Your right-wing relatives think advocates of green energy caused the Texas blackouts. Some of them are getting their (dis)information from Tucker Carlson.
Others might be getting their fake facts from the allegedly more high-minded Wall Street Journal editorial page:
Gas and power prices have spiked across the central U.S. while Texas regulators ordered rolling blackouts Monday as an Arctic blast has frozen wind turbines. Herein is the paradox of the left’s climate agenda: The less we use fossil fuels, the more we need them.
But as Bloomberg reports:
Don’t point too many fingers at Texas wind turbines, because they’re not the main reason broad swaths of the state have been plunged into darkness.
While ice has forced some turbines to shut down just as a brutal cold wave drives record electricity demand, that’s been the least significant factor in the blackouts, according to Dan Woodfin, a senior director for the Electric Reliability Council of Texas, which operates the state’s power grid.
The main factors: Frozen instruments at natural gas, coal and even nuclear facilities, as well as limited supplies of natural gas, he said....
Wind shutdowns accounted for 3.6 to 4.5 gigawatts -- or less than 13% -- of the 30 to 35 gigawatts of total outages, according to Woodfin. That’s in part because wind only comprises 25% of the state’s energy mix this time of year.
... wind generation has actually exceeded the grid operator’s daily forecast through the weekend.
As WFAA, the ABC affiliate in Dallas, reports, this is unusual weather for Texas, but not unprecedented -- and the precautions necessary to prevent system failure in cold weather keep being put off.
This isn’t the first time that weatherization has been an issue with equipment failure and rotating outages in Texas.
In August 2011, six months after an ice storm crippled much of the state and resulted in rotating outages, the Federal Energy Regulatory Commission and the North American Electric Reliability Corporation issued a report with recommendations.
"Generators and natural gas producers suffered severe losses of capacity despite having received accurate forecasts of the storm," the report states. "Entities in both categories report having winterization procedures in place.
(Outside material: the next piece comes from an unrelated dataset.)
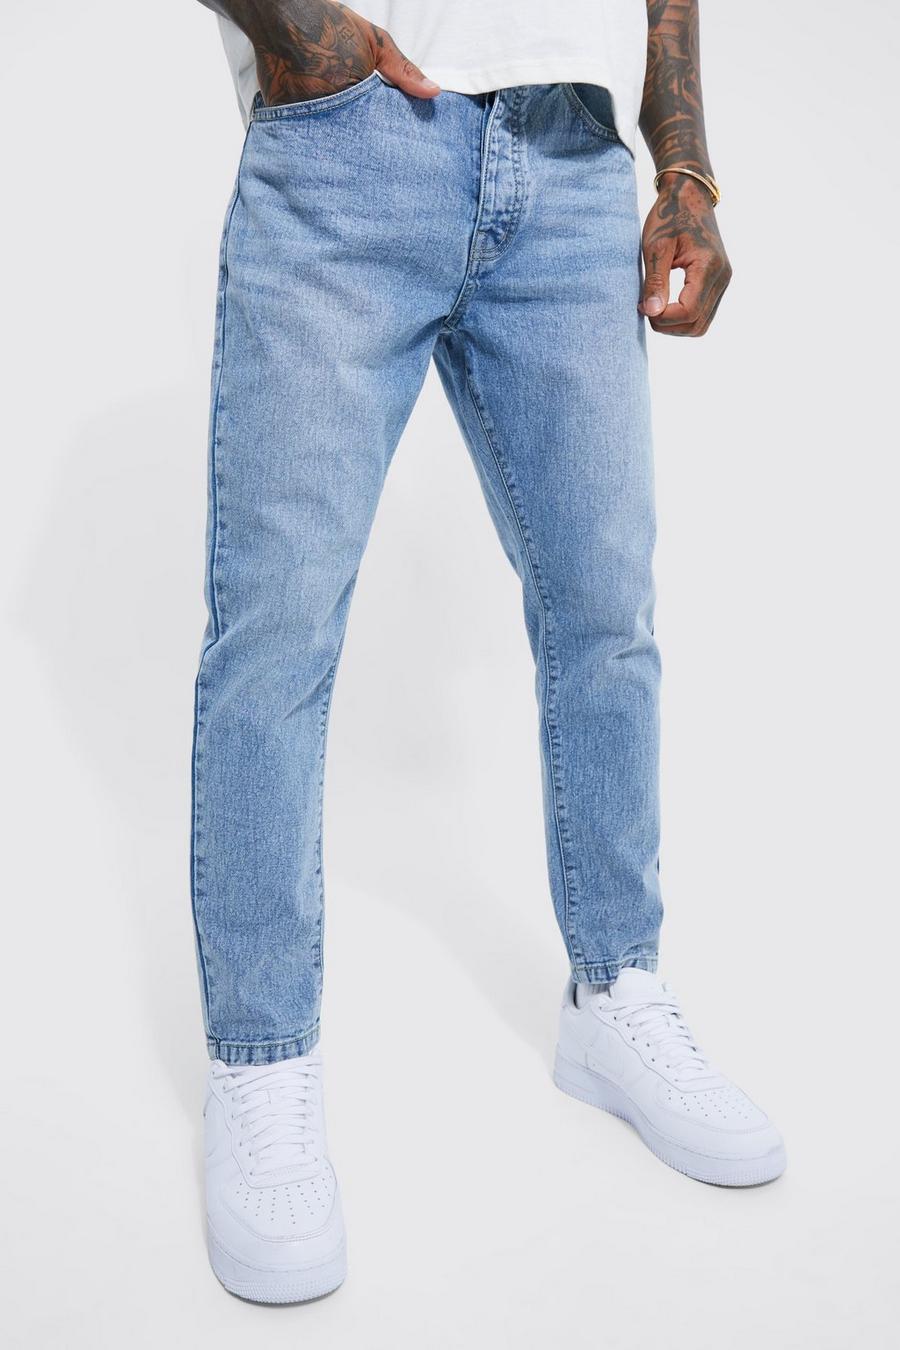 https://media.boohoo.com/i/boohoo/bmm41418_light%20blue_xl/male-light%20blue-tapered-fit-jeans/?w=900&qlt=default&fmt.jp2.qlt=70&fmt=auto&sm=fit

However, the poor performance of many of these generating units and wells suggests that these procedures were either inadequate or were not adequately followed."
That investigation revealed what happened in 2011, also happened in 1989, which is the first time ERCOT ever implemented rotating outages.
"The experiences of 1989 are instructive, particularly on the electric side. In that year, as in 2011, cold weather caused many generators to trip, derate, or fail to start. The [Public Utility Commission of Texas] investigated the occurrence and issued a number of recommendations aimed at improving winterization on the part of the generators.
These recommendations were not mandatory, and over the course of time implementation lapsed. Many of the generators that experienced outages in 1989 failed again in 2011," the investigation discovered.
That 1989 deep freeze was in December -- so if you want to blame Alexandria Ocasio-Cortez for this, then she must be a real prodigy, because she was two months old at the time.
The breakdown in February 2011 wasn't just green energy, as the Texas Tribune noted at the time -- it also involved natural gas and coal.
Initially, it appears, some coal plants went offline due to cold-weather problems, taking a large chunk of electricity out of the grid. Luminant, a major power-generation company, confirmed that its two coal units at the Oak Grove plant in Robertson County failed, as did two units at a coal plant in Milam County....
Dave Knox, a spokesman for NRG, another power company, said that a cold-weather problem also caused a shut-down of its Limestone coal plant near Jewitt, Texas....
Natural gas plants were hastily turned on to make up for the coal-plant failures. But, Fraser said, some power cuts affected some stations for compressing natural gas — so without power they couldn't pump gas, causing some gas power plants to go offline....
Wind generators also appeared to be having problems, said Fraser; he had received reports of some turbines shutting down because of issues with ice on the blades.
So which forms of energy fail in Texas when it's cold? If you said "All of them," you win. But your right-wing relatives will never believe you.